Booth and Bones celebrate another closed case by having a dinner cooked for them by Gordon. They toast him for giving them the tips to close the case, but Gordon demurs, saying they should be thanking Sweets. Speaking of, Gordon gives them some unsolicited advice on the other shrink. The book that young Sweets has written is a vehicle to get to what he wants. In this case, Sweets wants a new family since his parents died. Bones kind of understands – he imprinted on them like a baby duck. Gordon says that he is trying to find his place in the world. In a show of compassion that we have not seen in months, Bones blurts out that she and Booth can find him a place in their world! Gordon tells them that his casseolet got him into the culinary institute, but it doesn’t keep so be back in an hour. Bones wants to know where they are going. “Duck hunting,” Booth replies.

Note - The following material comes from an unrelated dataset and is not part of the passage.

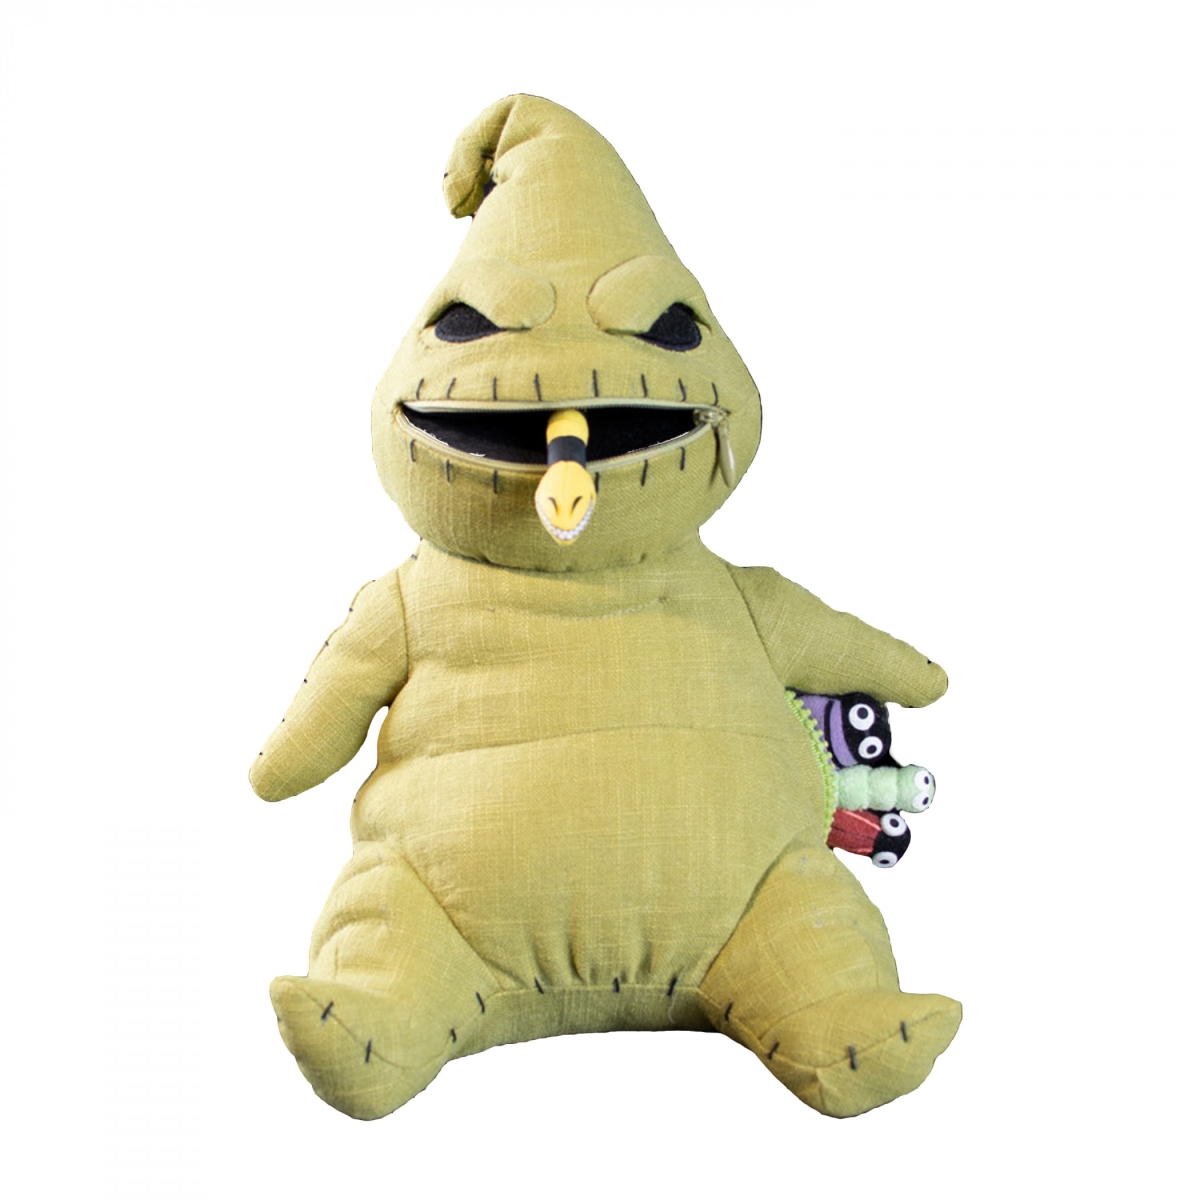 Picture of Nightmare Before Christmas 863677 The Nightmare Before Christmas Oogie Boogie Zippermouth Plush Figurine

Sweets is in his office, working on his manuscript. Bones and Booth invite him to their family-style dinner with Gordon, but he declines. Bones bursts out with a horrific foster parent story. When she was little, her foster parents locked her in a car trunk for 2 days because she broke a plate. She was a clumsy child and they warned her she would be punished but she was little and the dishwater was too hot and the soap on the plate was slippery. The men are shocked that she shared this painful memory. She says, “Isn’t that why we’re here? To share scars?” She tells Sweets she saw the scars on his back and she wants him to know he’s not the only one with a painful childhood. Booth isn’t quite so forthcoming. “If it weren’t for my grandfather, I would have killed myself as a kid.” And he’s not saying anything else on the matter. Now Bones is crying and Booth is on the verge. He gives her his hanky and she dries her eyes. She tucks it gently back into his suit jacket pocket, and he taps the place where she rested her hand on his chest.

Sweets smiles. What? He said that Gordon said something to him and he just figured it out. Then he is smarter than me. A wise friend said that the scene meant that Bones was the one who knew she was in love and she was fighting it off but losing when she acted gently towards Booth. I was thinking that the tap on the chest was Booth making a memory because that was as close to a caress that he would ever get from his twue wuv. So the debate rages on.

“Come for dinner already,” they say. Sweets agrees and puts away the manuscript. Which he has retitled, “Bones: the Heart of the Matter.”